• **The data**
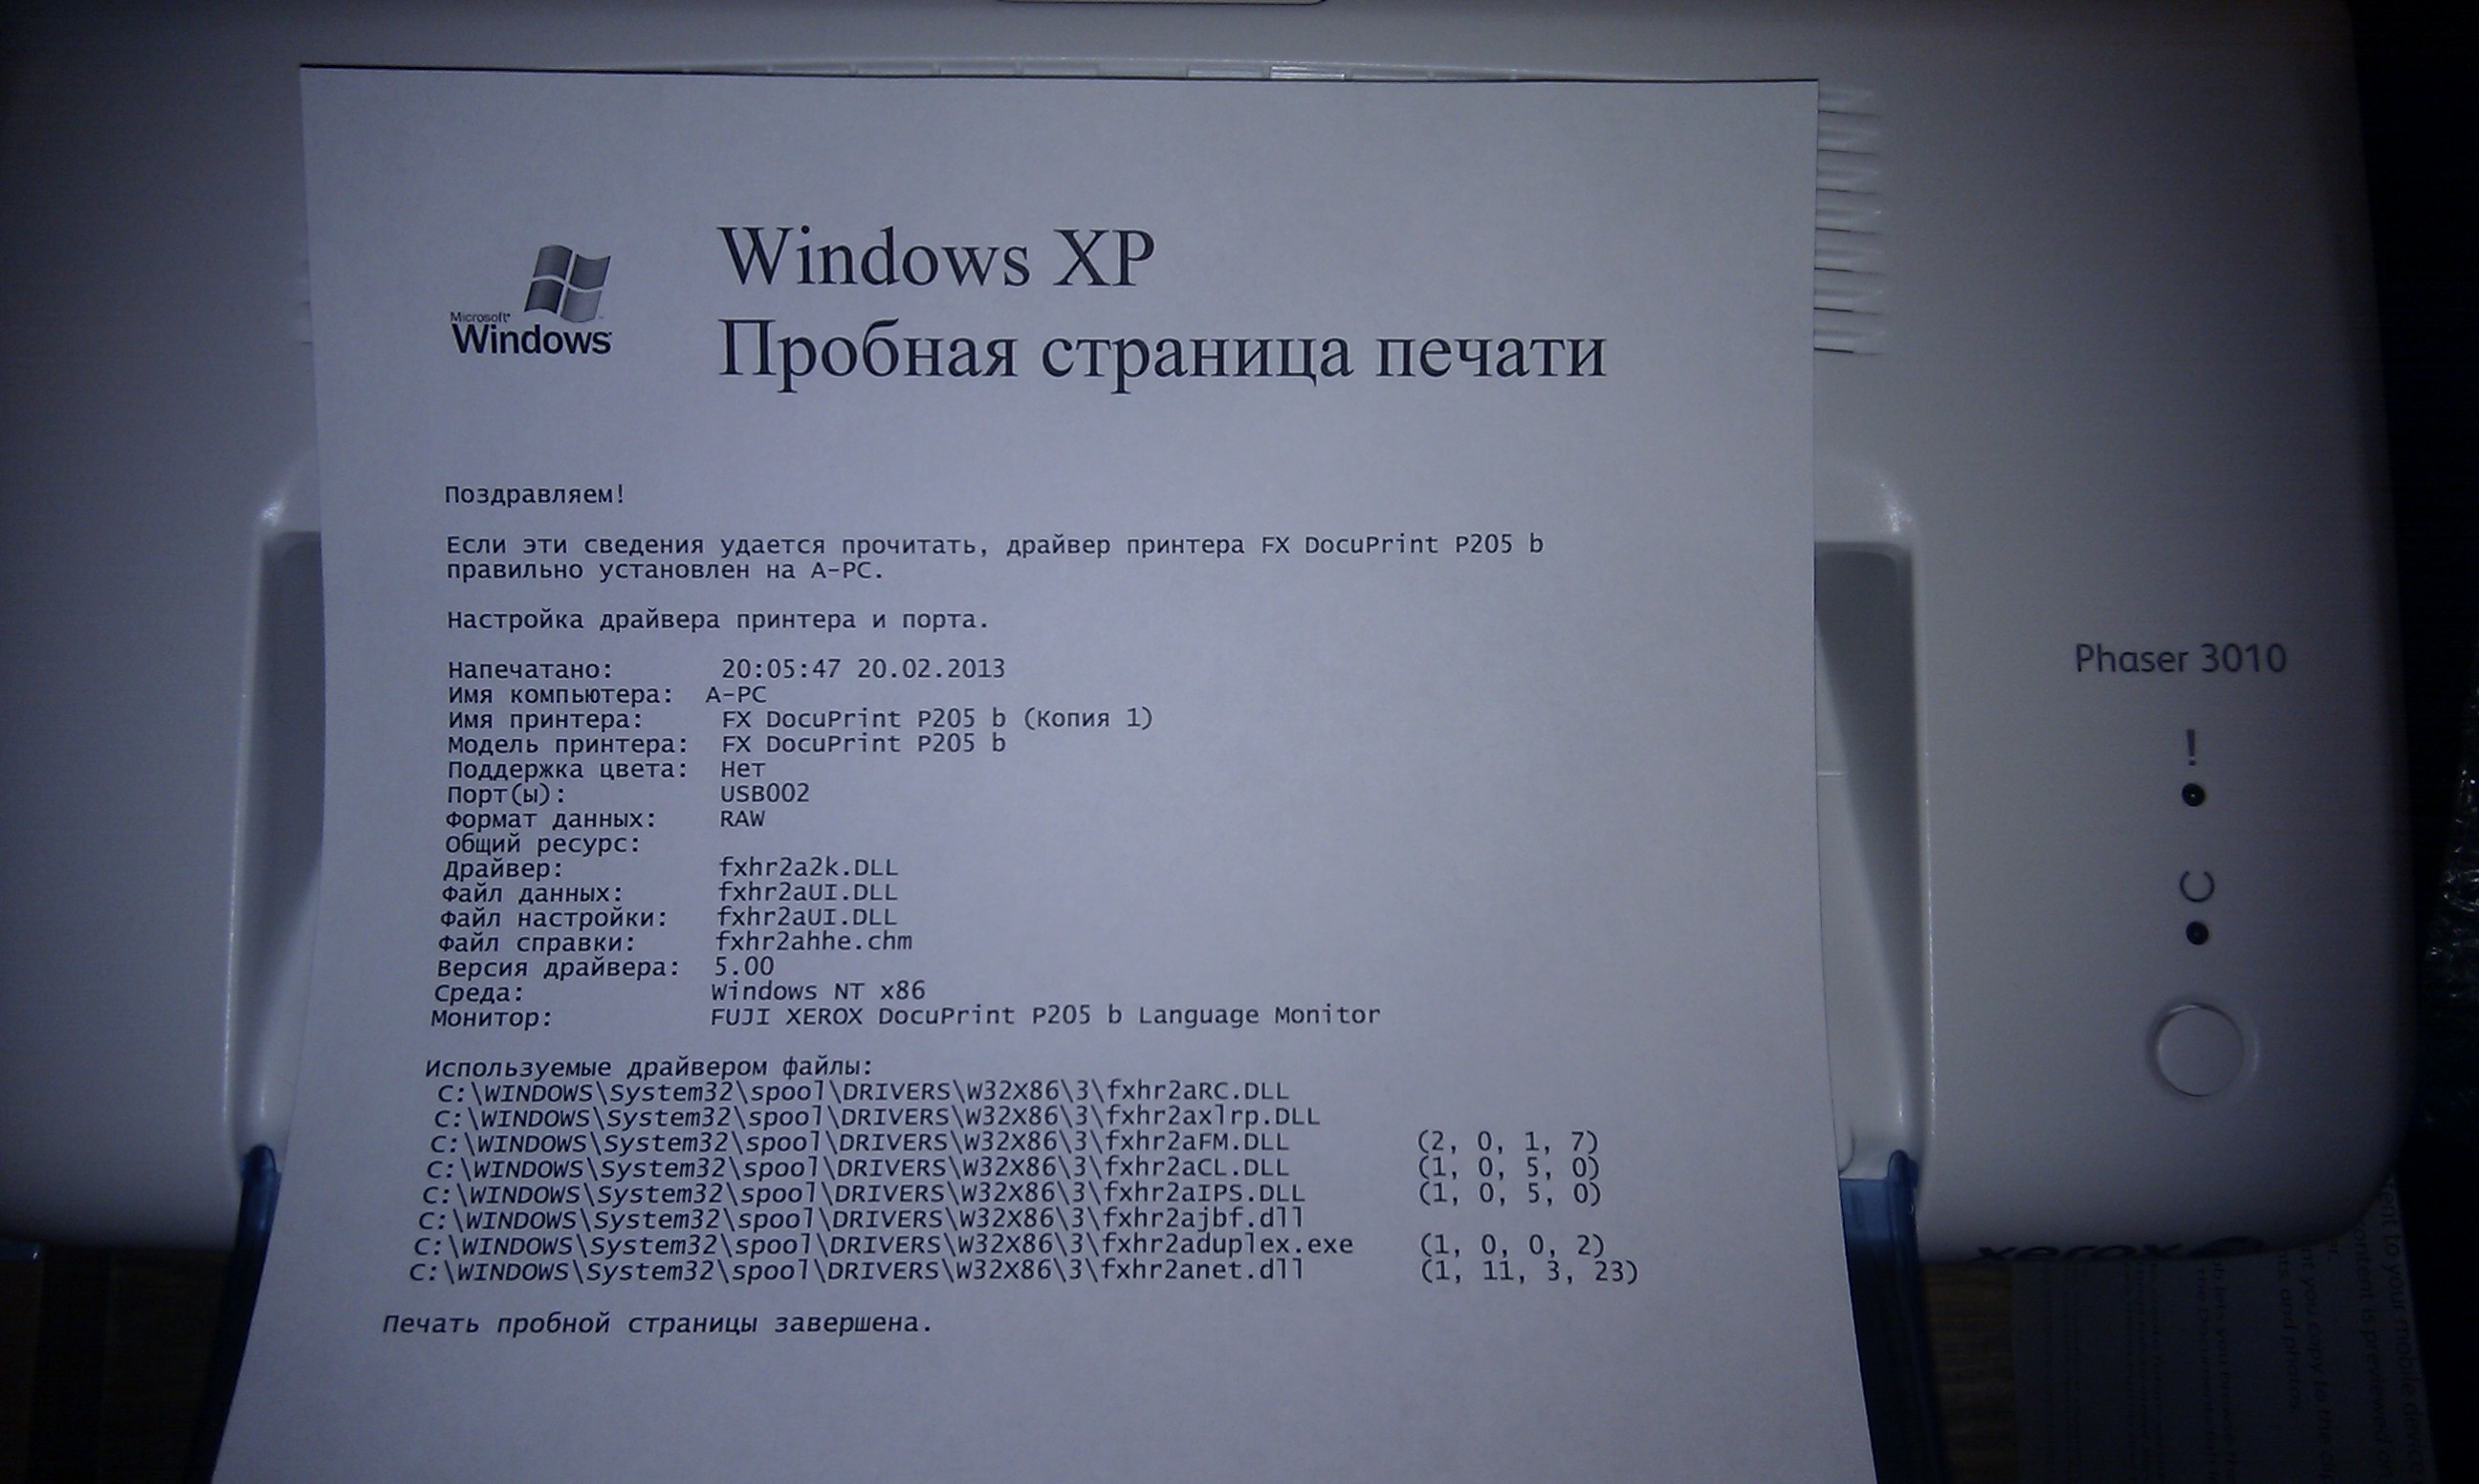 Xerox 3010 printer drivers for windows download.
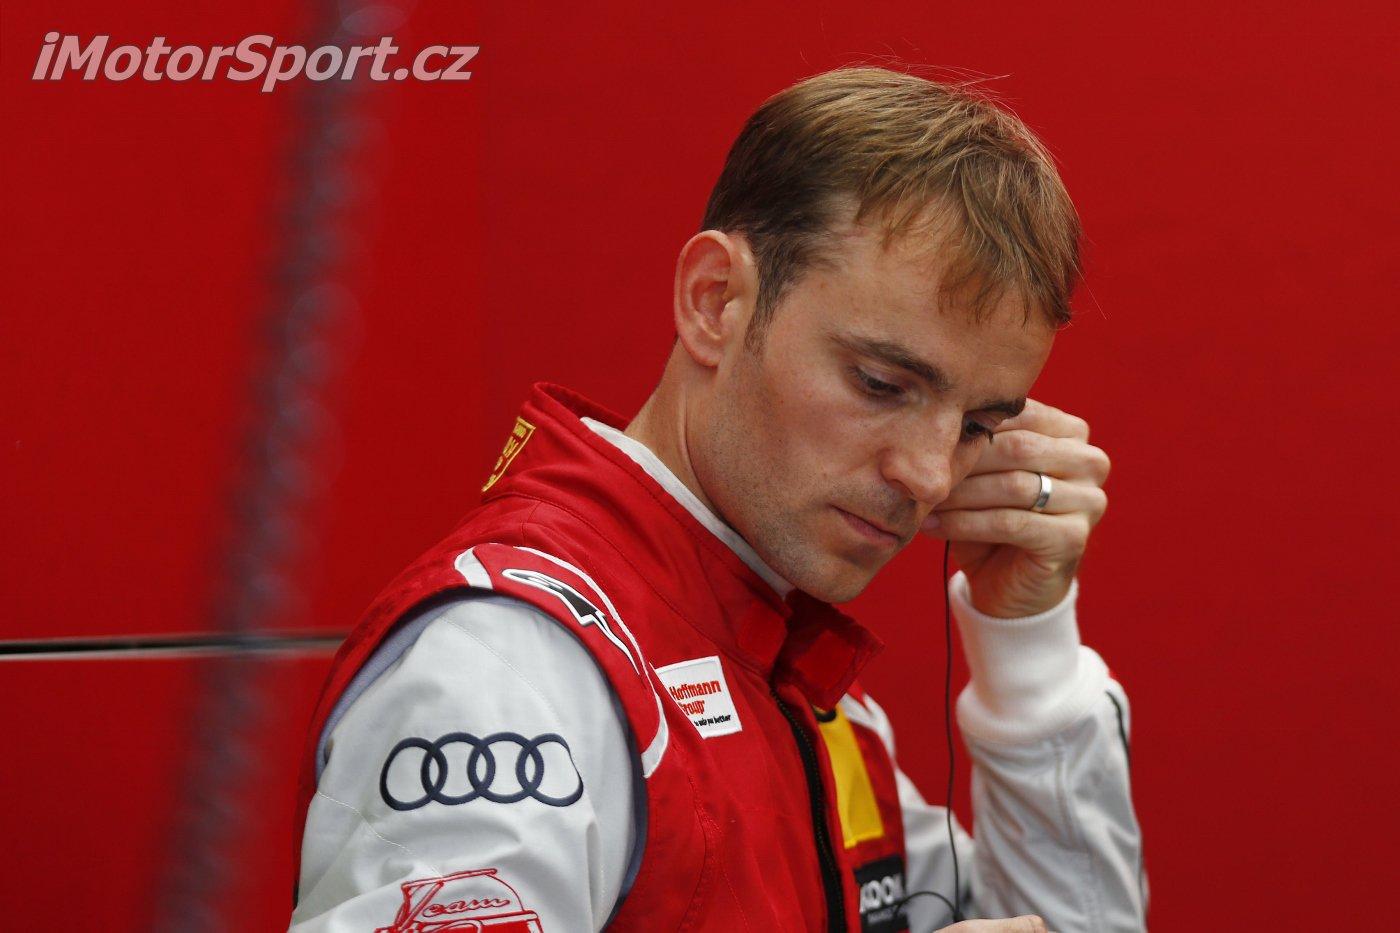 Jamie Green lituje rozhodnutí Mercedesu opustit DTM
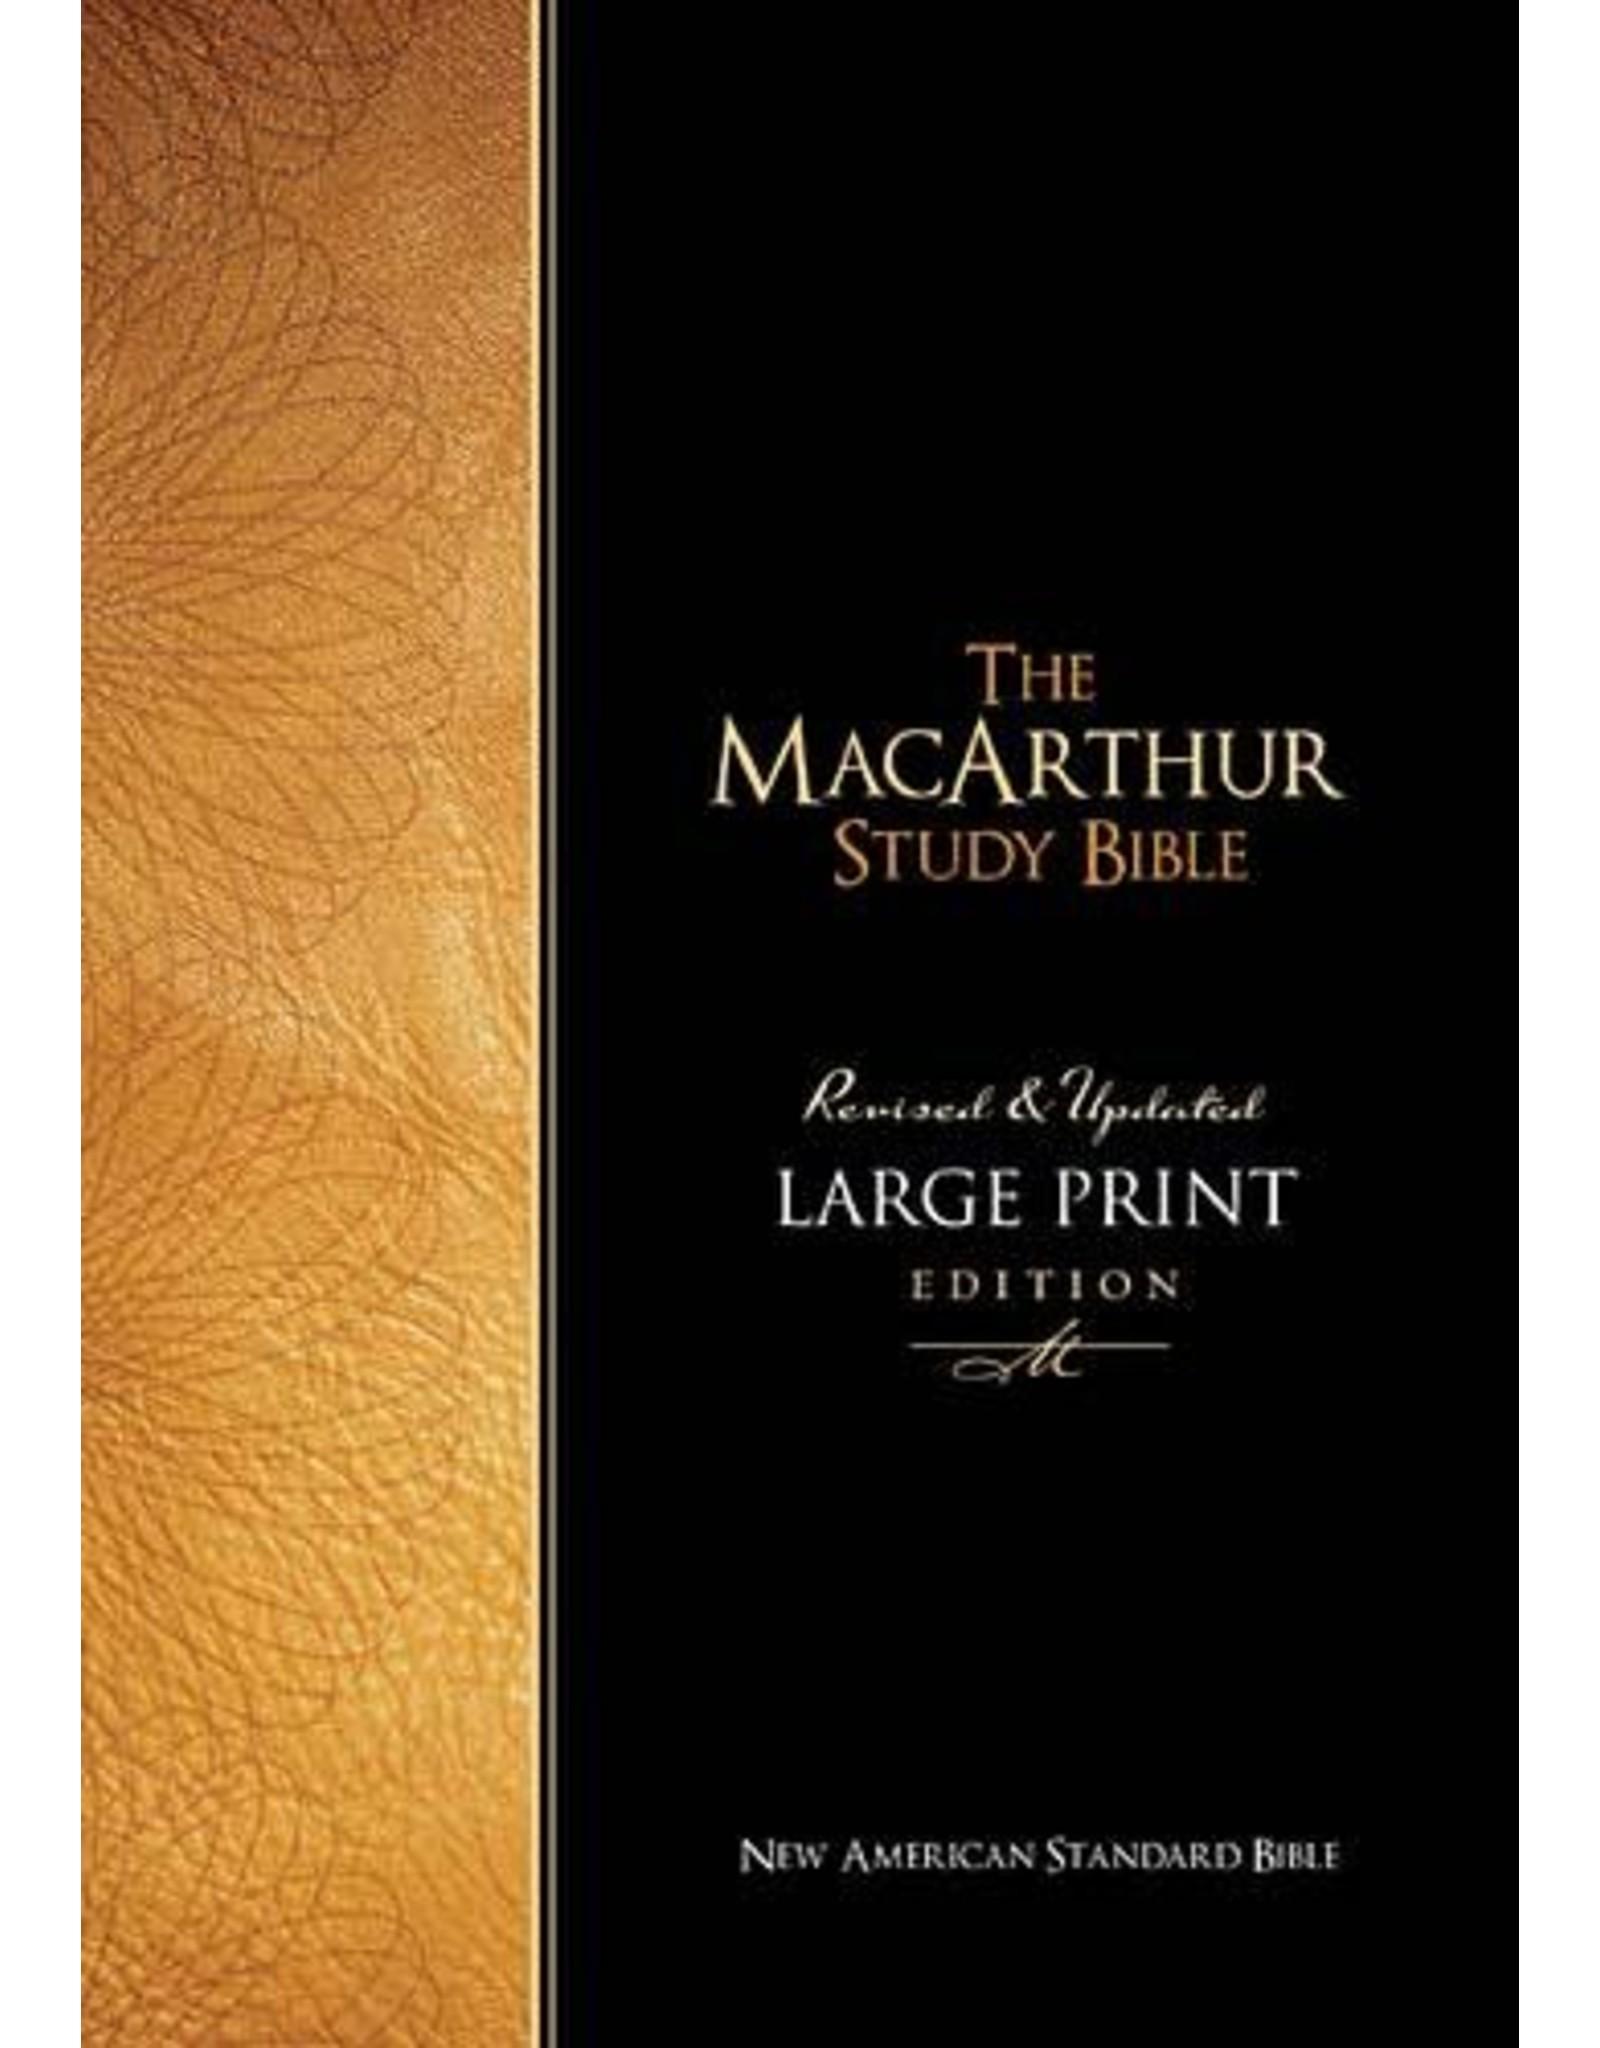 Harper Collins / Thomas Nelson / Zondervan MacArthur Study Bible: NASB Large Print, Bonded Leather

• **Exercise brief**
Print the listing word for word but skip its pictures.

• **Solution to the problem**
 Xerox 3010 printer drivers for windows download.
 Jamie Green lituje rozhodnutí Mercedesu opustit DTM
 Harper Collins / Thomas Nelson / Zondervan MacArthur Study Bible: NASB Large Print, Bonded Leather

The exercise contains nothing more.